- [SOURCE MATERIAL]
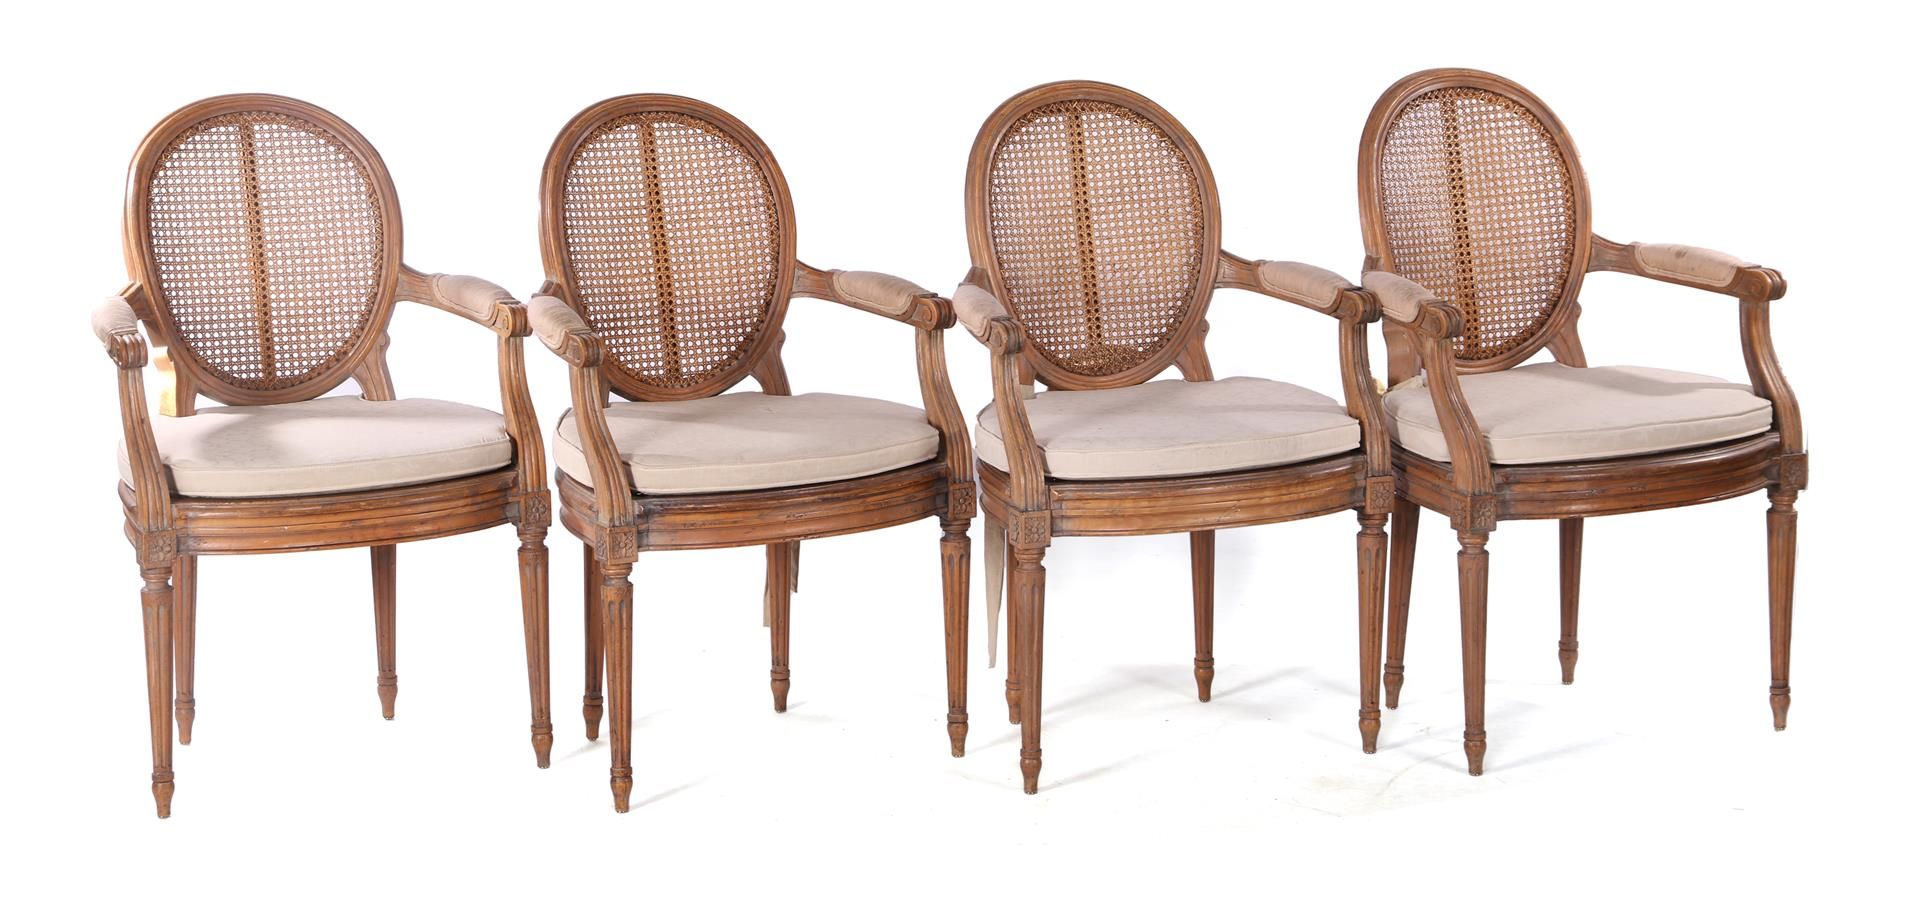 4 walnut armchairs in Louis XVI style
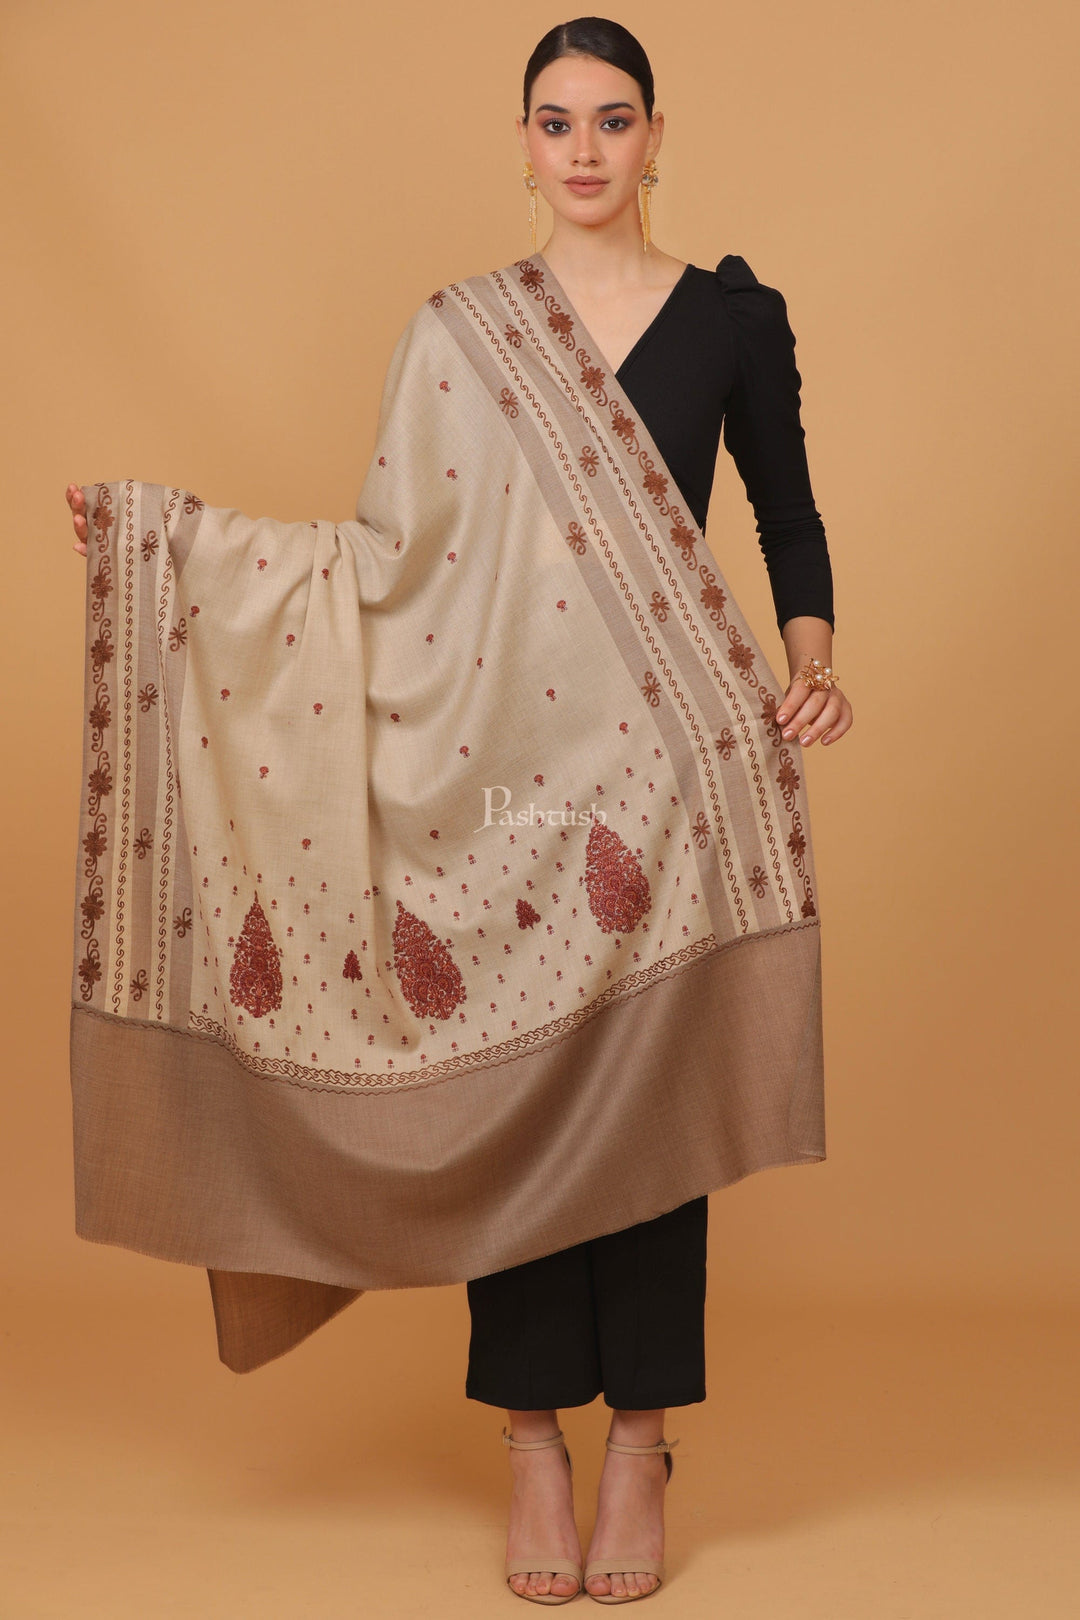 Pashtush India Womens Stoles and Scarves Scarf Pashtush womens Fine Wool shawl, pasiley design, Beige
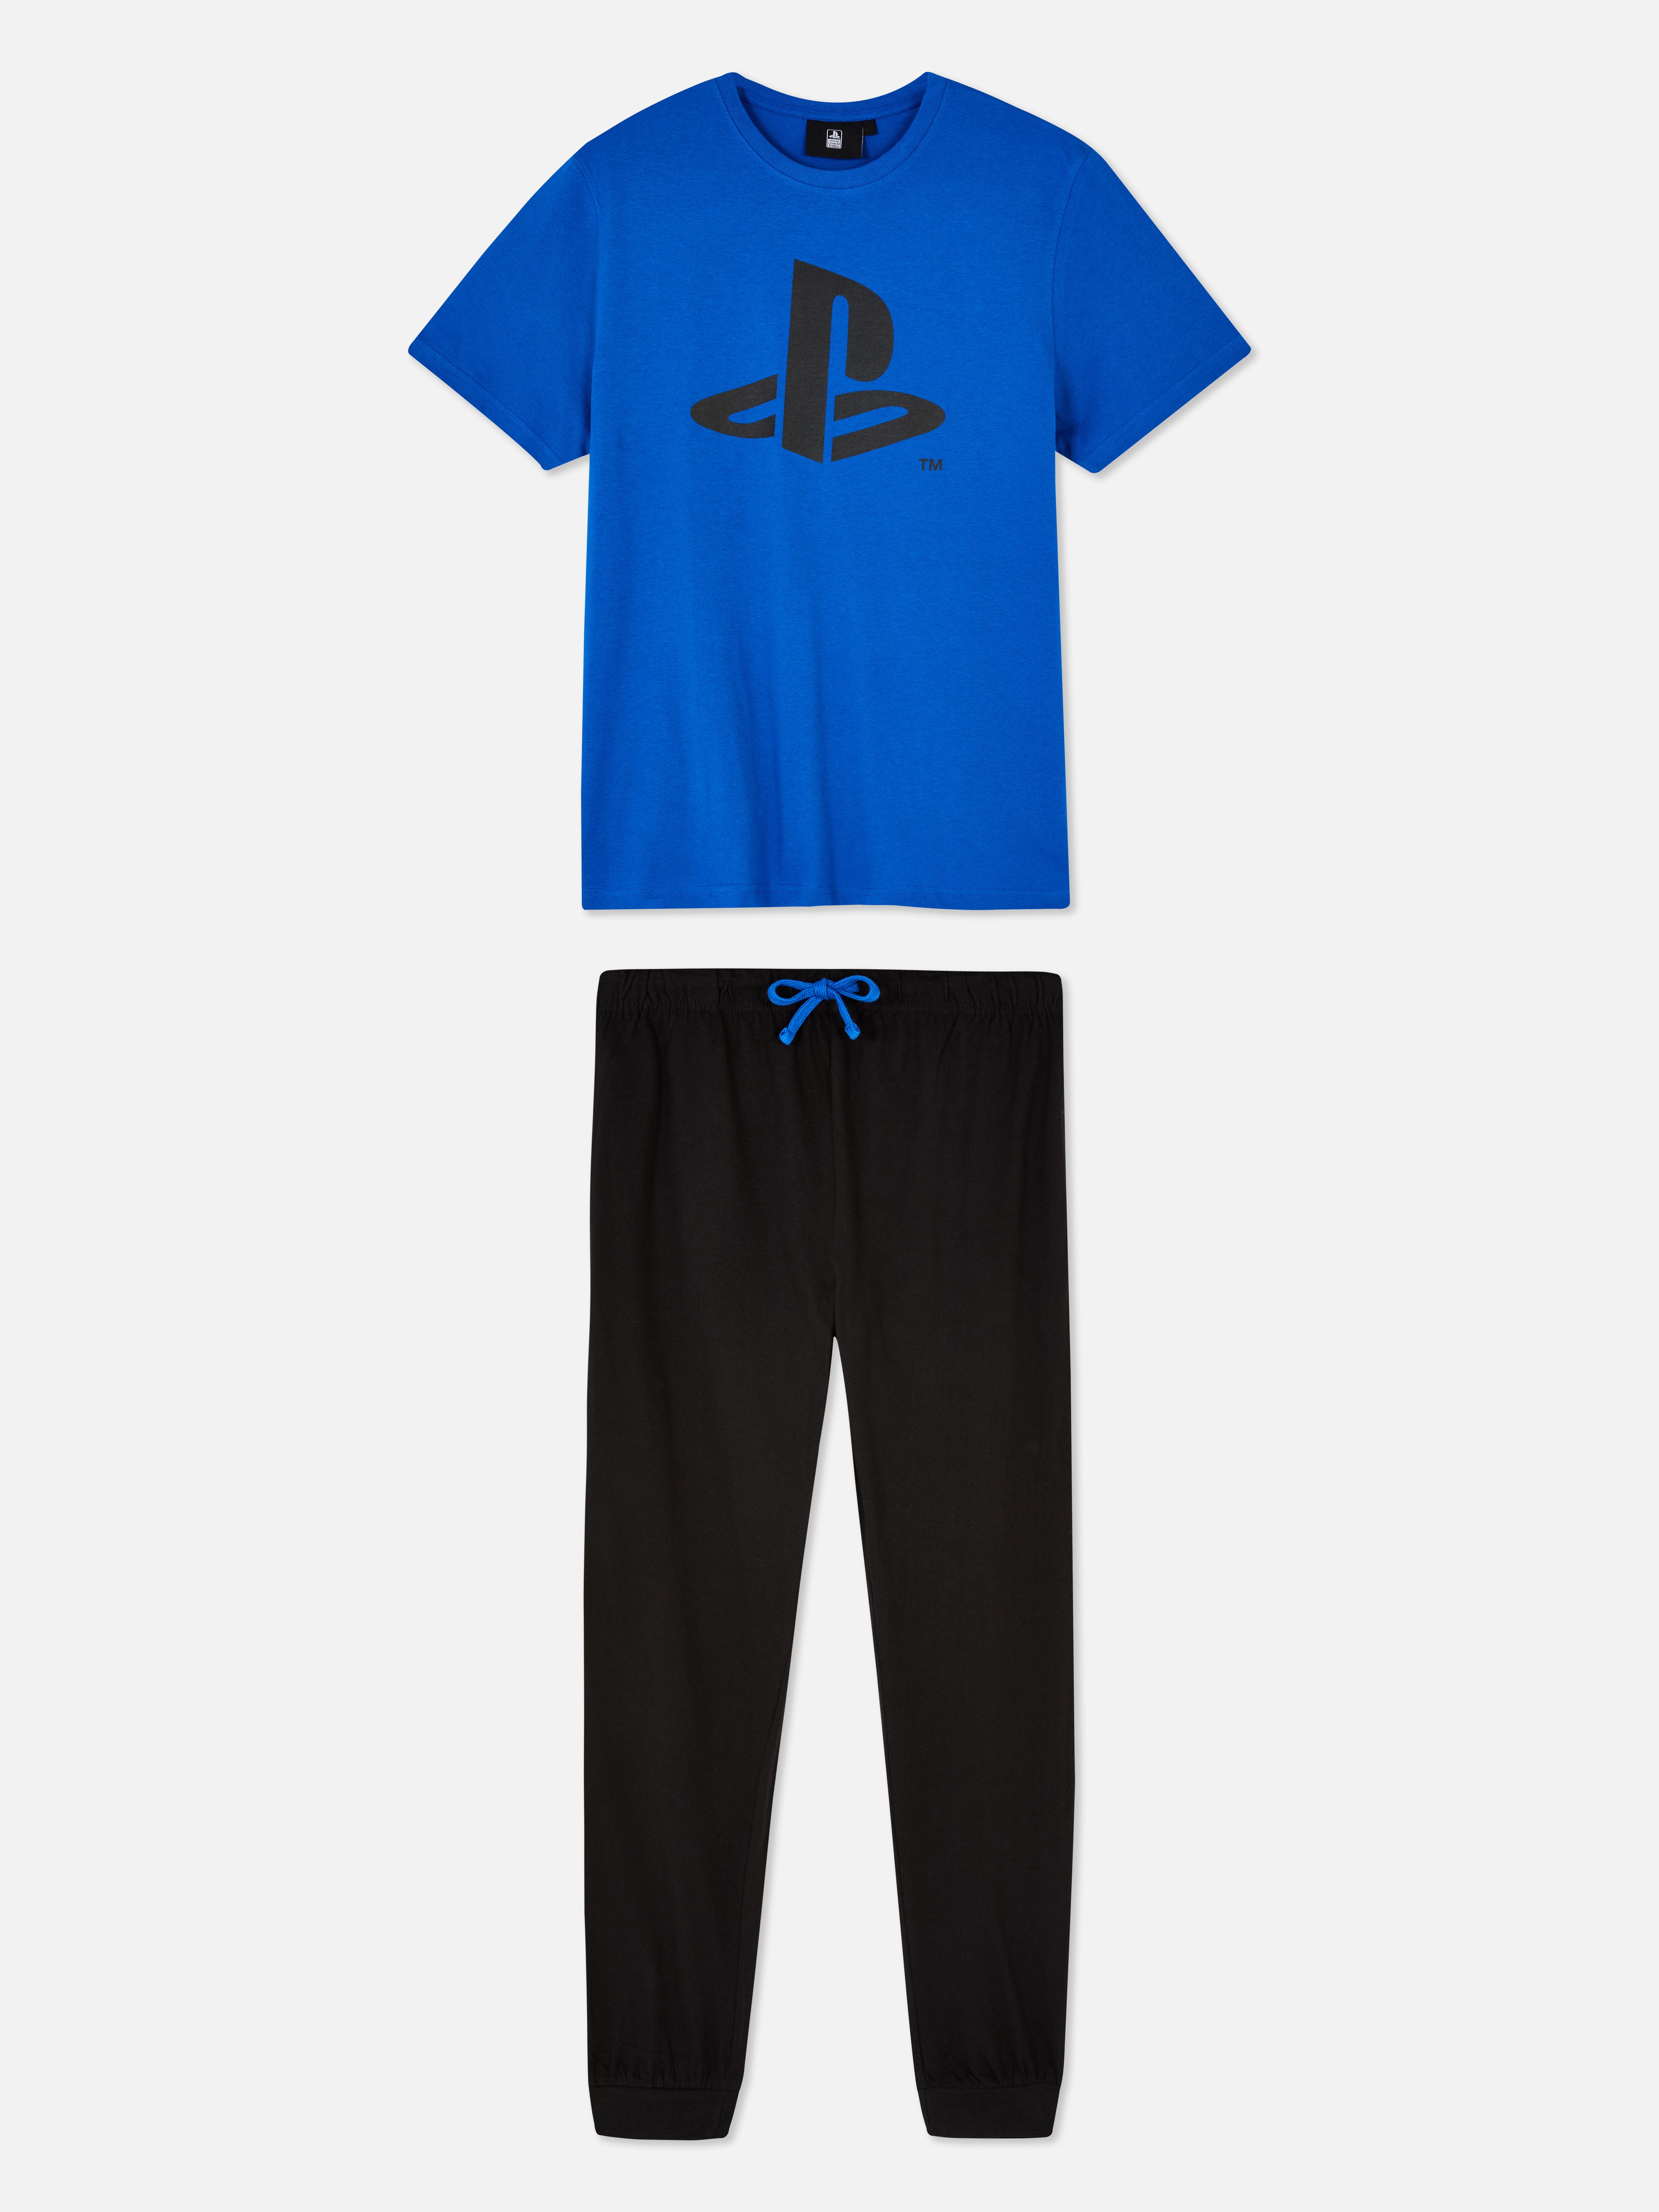 PlayStation Pyjama Set

- [BRIEF] Write out the full listing verbatim, excluding its pictures.

- [EXPECTED OUTPUT]
 4 walnut armchairs in Louis XVI style
 Pashtush India Womens Stoles and Scarves Scarf Pashtush womens Fine Wool shawl, pasiley design, Beige
 PlayStation Pyjama Set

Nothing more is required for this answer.